# What needs to be done:
Reproduce all the entries beneath this sentence exactly.

# Excerpted data:
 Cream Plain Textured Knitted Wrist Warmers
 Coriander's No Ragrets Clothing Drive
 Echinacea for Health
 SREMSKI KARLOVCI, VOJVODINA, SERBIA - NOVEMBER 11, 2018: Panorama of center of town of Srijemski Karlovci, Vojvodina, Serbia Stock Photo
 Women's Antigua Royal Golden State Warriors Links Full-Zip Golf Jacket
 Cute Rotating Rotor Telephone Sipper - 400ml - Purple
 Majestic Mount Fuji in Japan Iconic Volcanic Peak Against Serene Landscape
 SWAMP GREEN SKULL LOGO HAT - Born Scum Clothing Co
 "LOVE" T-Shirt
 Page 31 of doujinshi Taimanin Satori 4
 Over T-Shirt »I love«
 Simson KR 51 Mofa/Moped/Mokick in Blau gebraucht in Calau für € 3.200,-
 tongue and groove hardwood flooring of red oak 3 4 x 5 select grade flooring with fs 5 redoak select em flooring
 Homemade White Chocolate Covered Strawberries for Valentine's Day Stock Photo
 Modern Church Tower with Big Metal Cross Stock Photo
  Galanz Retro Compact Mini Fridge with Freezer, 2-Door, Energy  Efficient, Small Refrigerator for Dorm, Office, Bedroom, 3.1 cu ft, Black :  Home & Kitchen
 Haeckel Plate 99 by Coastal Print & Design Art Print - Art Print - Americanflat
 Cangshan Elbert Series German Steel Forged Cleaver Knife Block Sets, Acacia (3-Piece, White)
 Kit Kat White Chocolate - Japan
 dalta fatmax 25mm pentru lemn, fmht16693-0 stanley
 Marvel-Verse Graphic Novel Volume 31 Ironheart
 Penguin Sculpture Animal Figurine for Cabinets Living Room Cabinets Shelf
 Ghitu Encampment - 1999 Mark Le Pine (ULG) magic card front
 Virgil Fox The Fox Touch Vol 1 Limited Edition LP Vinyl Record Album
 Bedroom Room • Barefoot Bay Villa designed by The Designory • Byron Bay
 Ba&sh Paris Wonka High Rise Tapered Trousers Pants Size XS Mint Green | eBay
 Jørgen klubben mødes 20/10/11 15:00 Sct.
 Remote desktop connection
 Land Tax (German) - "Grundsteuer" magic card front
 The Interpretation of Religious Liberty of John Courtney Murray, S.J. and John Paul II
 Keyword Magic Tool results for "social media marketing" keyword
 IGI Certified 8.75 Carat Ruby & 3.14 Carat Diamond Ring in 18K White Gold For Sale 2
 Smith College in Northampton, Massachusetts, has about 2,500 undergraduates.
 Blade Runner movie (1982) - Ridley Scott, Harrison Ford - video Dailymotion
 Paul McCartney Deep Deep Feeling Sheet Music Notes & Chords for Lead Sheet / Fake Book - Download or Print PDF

# Answer to the exercise:
 Cream Plain Textured Knitted Wrist Warmers
 Coriander's No Ragrets Clothing Drive
 Echinacea for Health
 SREMSKI KARLOVCI, VOJVODINA, SERBIA - NOVEMBER 11, 2018: Panorama of center of town of Srijemski Karlovci, Vojvodina, Serbia Stock Photo
 Women's Antigua Royal Golden State Warriors Links Full-Zip Golf Jacket
 Cute Rotating Rotor Telephone Sipper - 400ml - Purple
 Majestic Mount Fuji in Japan Iconic Volcanic Peak Against Serene Landscape
 SWAMP GREEN SKULL LOGO HAT - Born Scum Clothing Co
 "LOVE" T-Shirt
 Page 31 of doujinshi Taimanin Satori 4
 Over T-Shirt »I love«
 Simson KR 51 Mofa/Moped/Mokick in Blau gebraucht in Calau für € 3.200,-
 tongue and groove hardwood flooring of red oak 3 4 x 5 select grade flooring with fs 5 redoak select em flooring
 Homemade White Chocolate Covered Strawberries for Valentine's Day Stock Photo
 Modern Church Tower with Big Metal Cross Stock Photo
  Galanz Retro Compact Mini Fridge with Freezer, 2-Door, Energy  Efficient, Small Refrigerator for Dorm, Office, Bedroom, 3.1 cu ft, Black :  Home & Kitchen
 Haeckel Plate 99 by Coastal Print & Design Art Print - Art Print - Americanflat
 Cangshan Elbert Series German Steel Forged Cleaver Knife Block Sets, Acacia (3-Piece, White)
 Kit Kat White Chocolate - Japan
 dalta fatmax 25mm pentru lemn, fmht16693-0 stanley
 Marvel-Verse Graphic Novel Volume 31 Ironheart
 Penguin Sculpture Animal Figurine for Cabinets Living Room Cabinets Shelf
 Ghitu Encampment - 1999 Mark Le Pine (ULG) magic card front
 Virgil Fox The Fox Touch Vol 1 Limited Edition LP Vinyl Record Album
 Bedroom Room • Barefoot Bay Villa designed by The Designory • Byron Bay
 Ba&sh Paris Wonka High Rise Tapered Trousers Pants Size XS Mint Green | eBay
 Jørgen klubben mødes 20/10/11 15:00 Sct.
 Remote desktop connection
 Land Tax (German) - "Grundsteuer" magic card front
 The Interpretation of Religious Liberty of John Courtney Murray, S.J. and John Paul II
 Keyword Magic Tool results for "social media marketing" keyword
 IGI Certified 8.75 Carat Ruby & 3.14 Carat Diamond Ring in 18K White Gold For Sale 2
 Smith College in Northampton, Massachusetts, has about 2,500 undergraduates.
 Blade Runner movie (1982) - Ridley Scott, Harrison Ford - video Dailymotion
 Paul McCartney Deep Deep Feeling Sheet Music Notes & Chords for Lead Sheet / Fake Book - Download or Print PDF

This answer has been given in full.